Given information
>>>

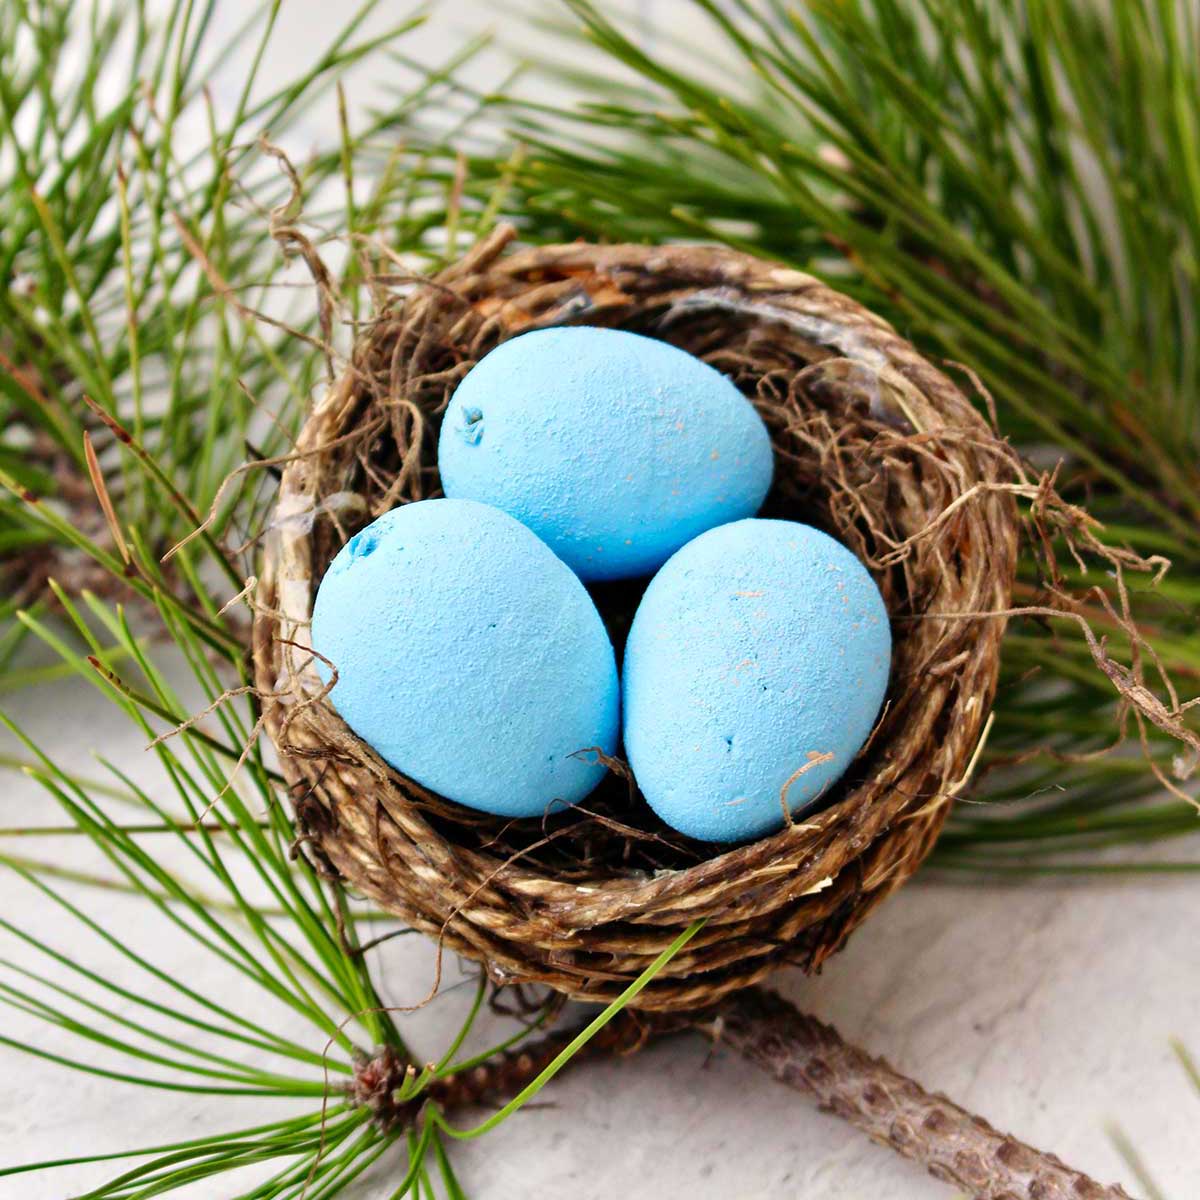 A natural bird nest out of string with three blue eggs inside with some evergreen branches in the background.
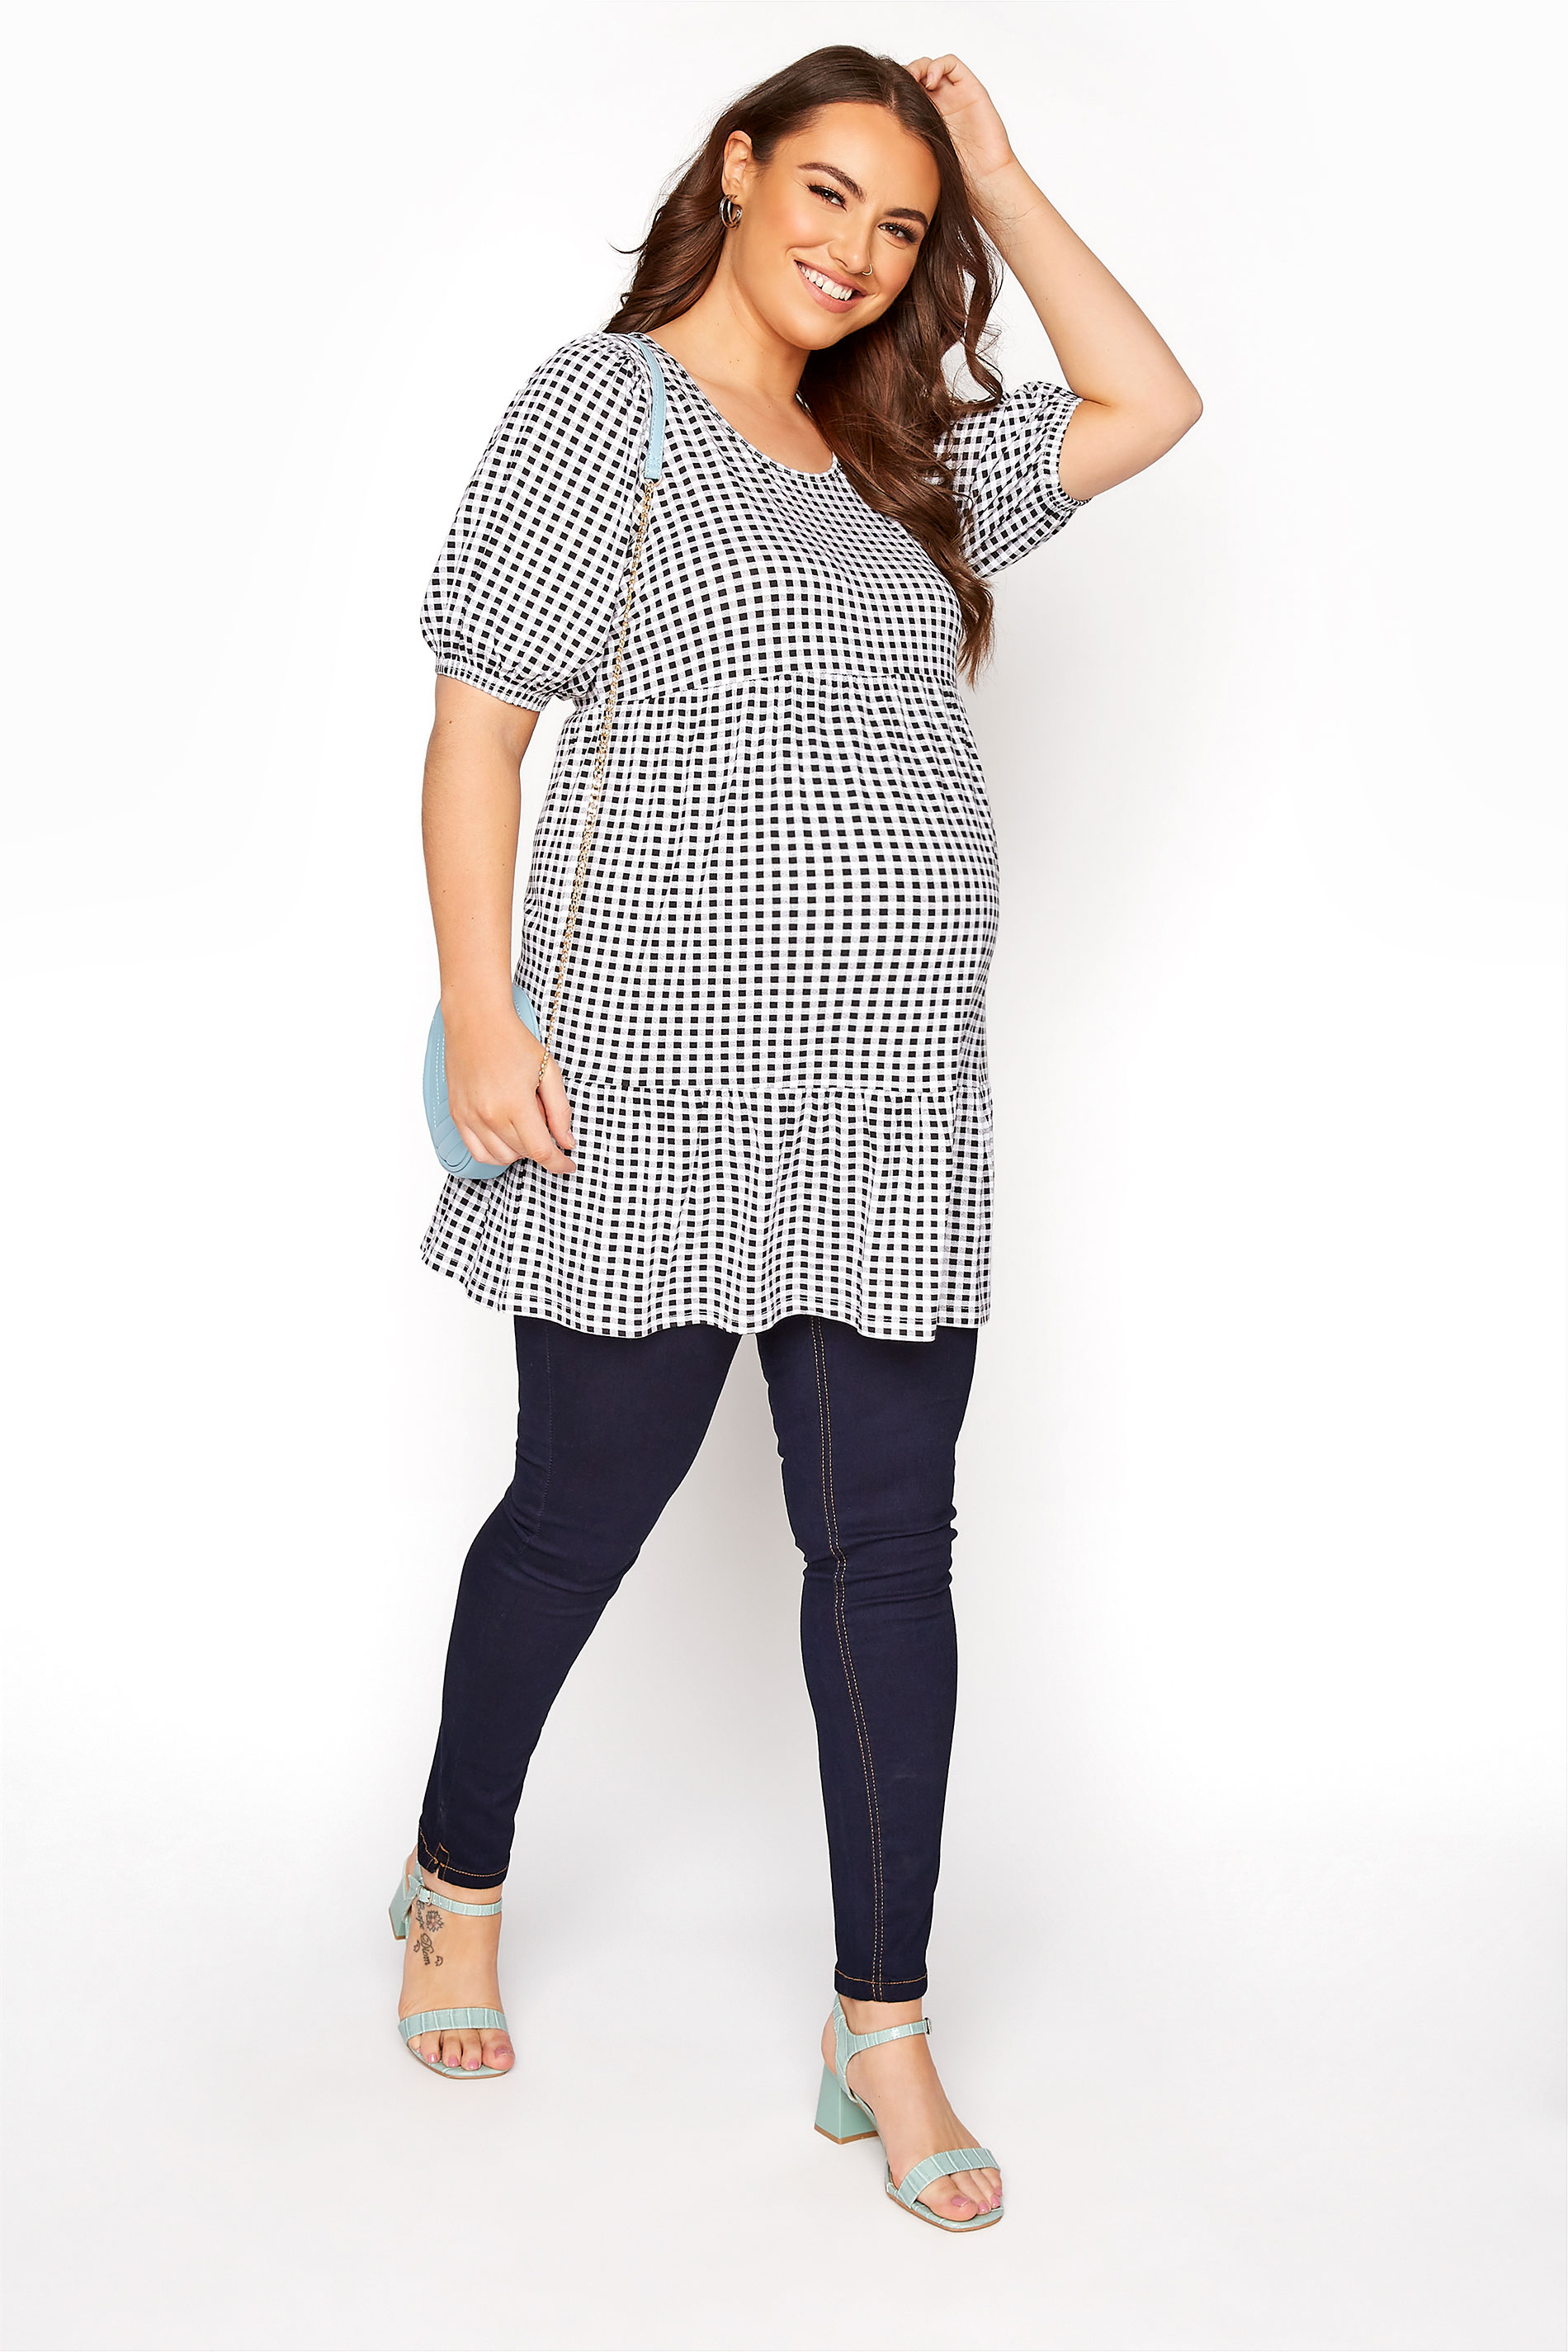 BUMP IT UP MATERNITY Black Gingham Tiered Smock Top
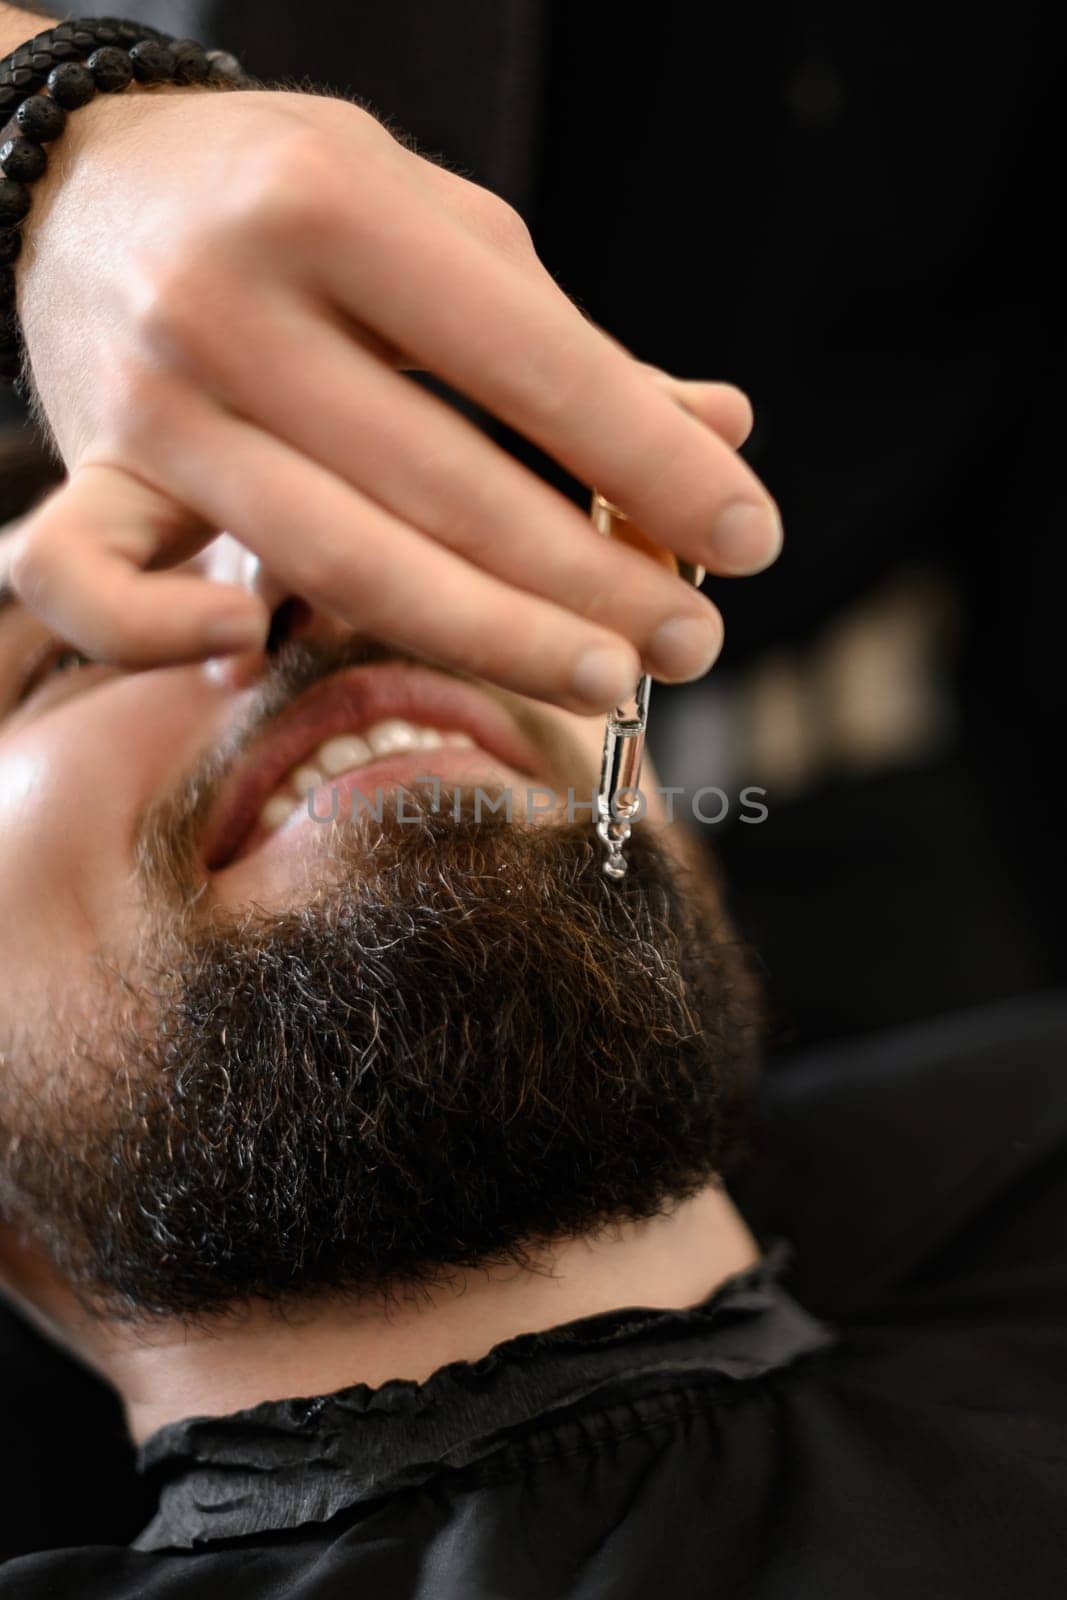 A barber stylist applies drops of oil to the clients beard to moisturize and soften. Beard care.

<<<

Quote everything in the listing above exactly; pictures are the only thing to omit.

Output
 A natural bird nest out of string with three blue eggs inside with some evergreen branches in the background.
 BUMP IT UP MATERNITY Black Gingham Tiered Smock Top
 A barber stylist applies drops of oil to the clients beard to moisturize and soften. Beard care.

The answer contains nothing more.